Isikeli Vuruna
- Born: January 27, 1988
- Height: 1.79 m (5 ft 10+1⁄2 in)
- Weight: 80 kg (180 lb; 12 st 8 lb)

Rugby union career
- Position: Wing

International career
- Years: Team / Apps / (Points)
- 2006: Fiji Schoolboys
- 2007: Fiji U-19
- 2007: Fiji Warriors
- 2008: Fiji U20

National sevens team
- Years: Team /  / Comps
- 2012: Fiji 7s

= Isikeli Vuruna =

Fijian rugby union footballer (born 1988)

Isikeli Vuruna (born 27 January 1988 at Taveuni, Fiji) is a Fijian rugby union footballer.

He has also played in the national age group teams for Fiji in the Fiji Secondary Schools team of 2006 that played against the Australian Schoolboys on 30 September 2006.

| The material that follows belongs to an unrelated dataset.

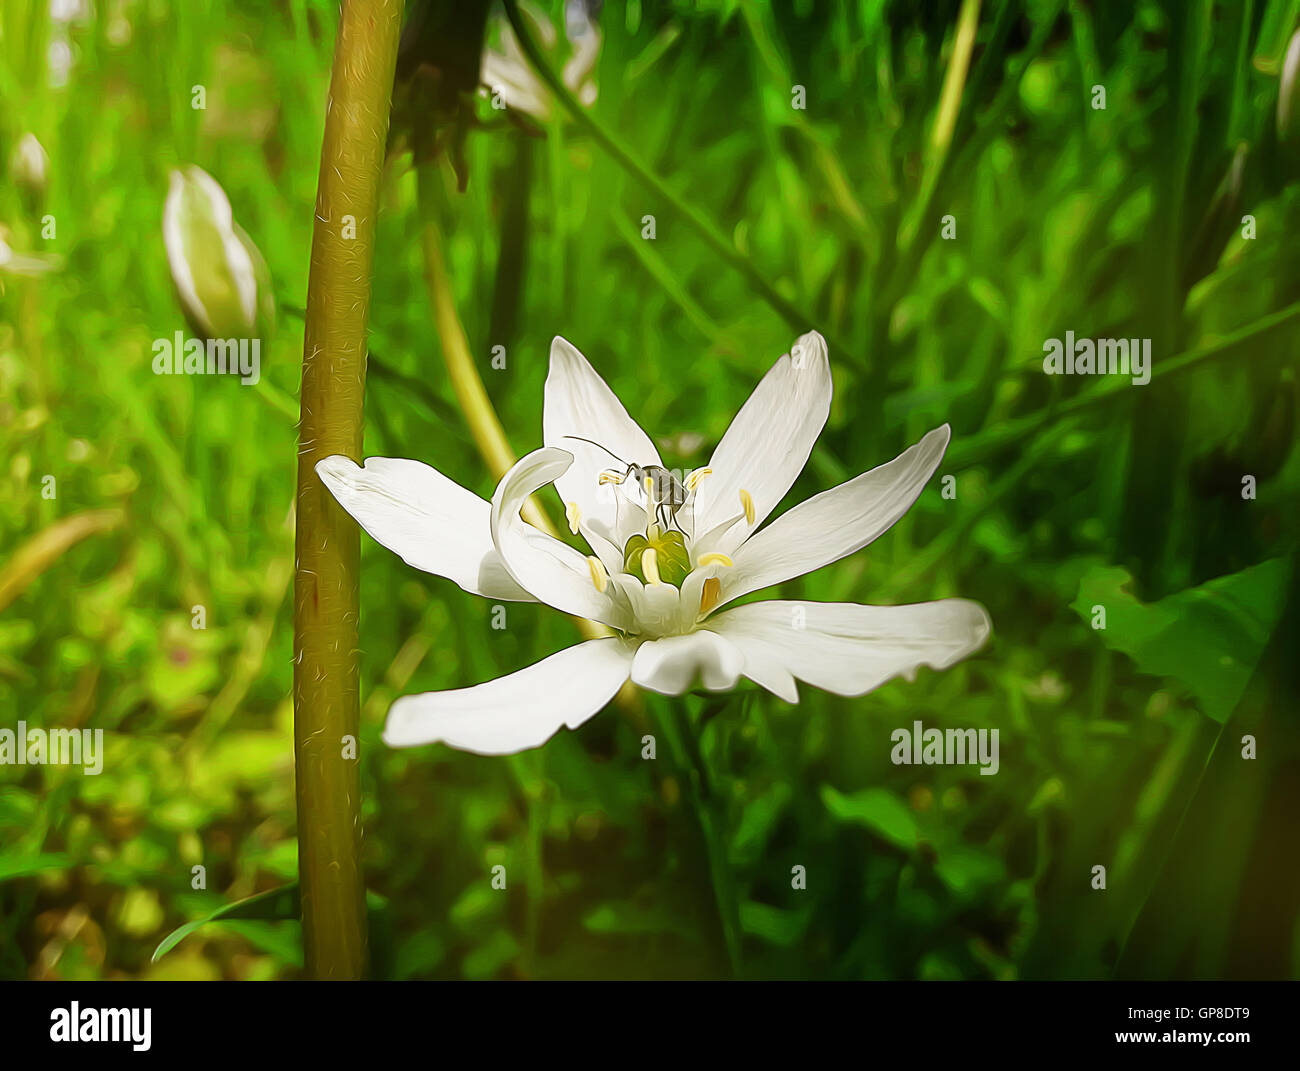 Blanc, fleur sauvage avec un petit insecte au milieu d'un pré vert. Illustration du printemps Banque D'Images
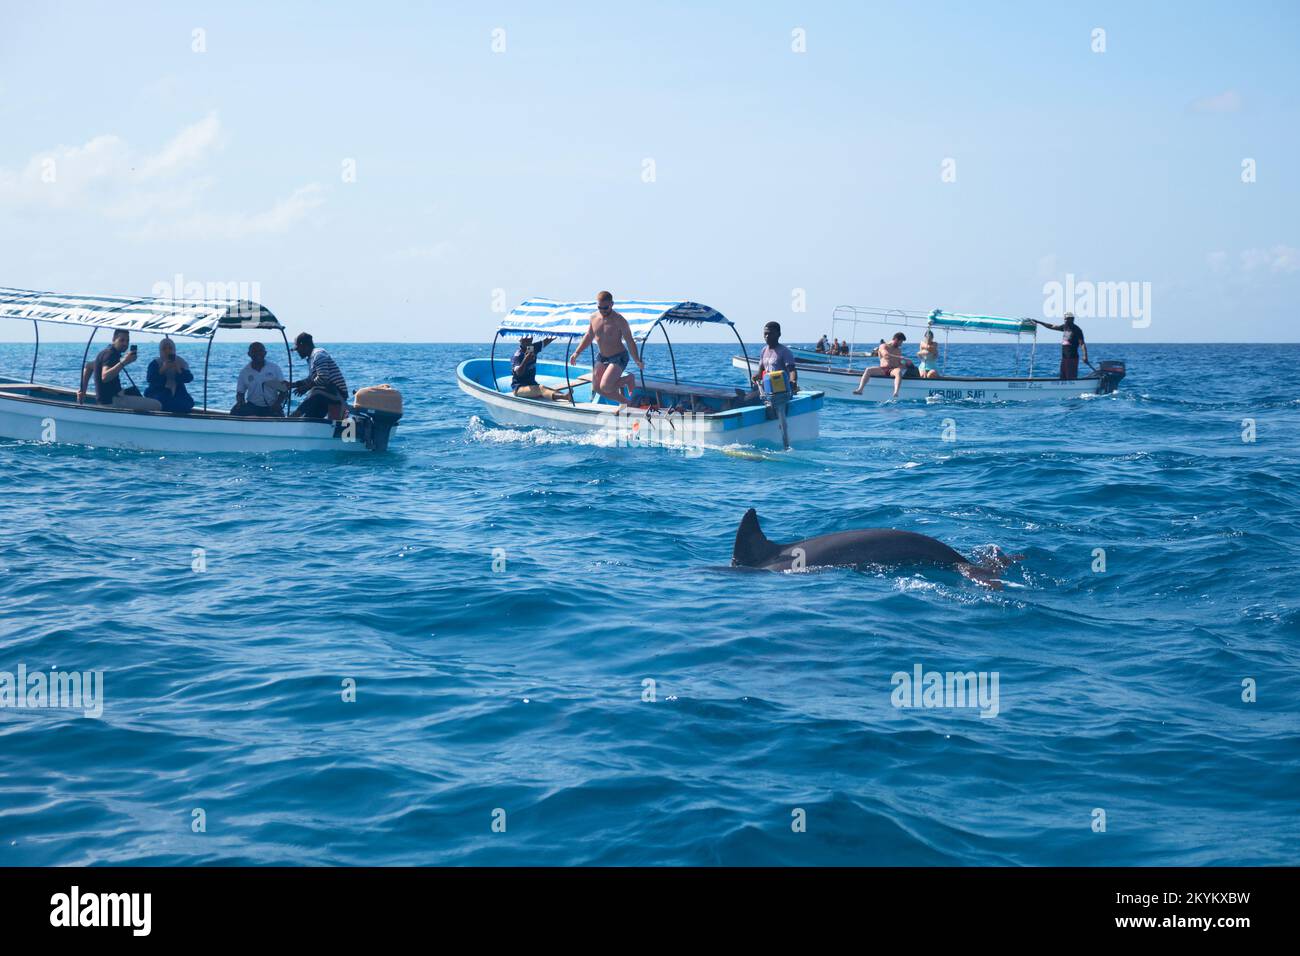 Les touristes sur la vue des dauphins voyant des excursions en bateau chasse les dauphins dans l'eau pour essayer de nager avec eux sur un site au large de la côte de l'atoll de Mnemba à Zanzibar, Banque D'Images

Vuruna was selected and played for the Fiji Under 19 Team in the 2007 Under 19 Rugby World Championship that was held in Ireland and the Fiji Under 20 Team in the 2008 IRB Junior World Championship, held in England.

He played at wing for the Fiji A Team against the Tonga A Team in 2007.

Vuruna was selected for national duties in the Fiji National Sevens Team in the IRB Sevens World Series in 2012 playing for the victorious Fiji Sevens Teams in the Hong Kong and London tournaments.

Vuruna is a naval officer in the Fiji Navy and plays for the Fiji Navy Club and for Suva in the Fiji Rugby Union's Provincial Competition.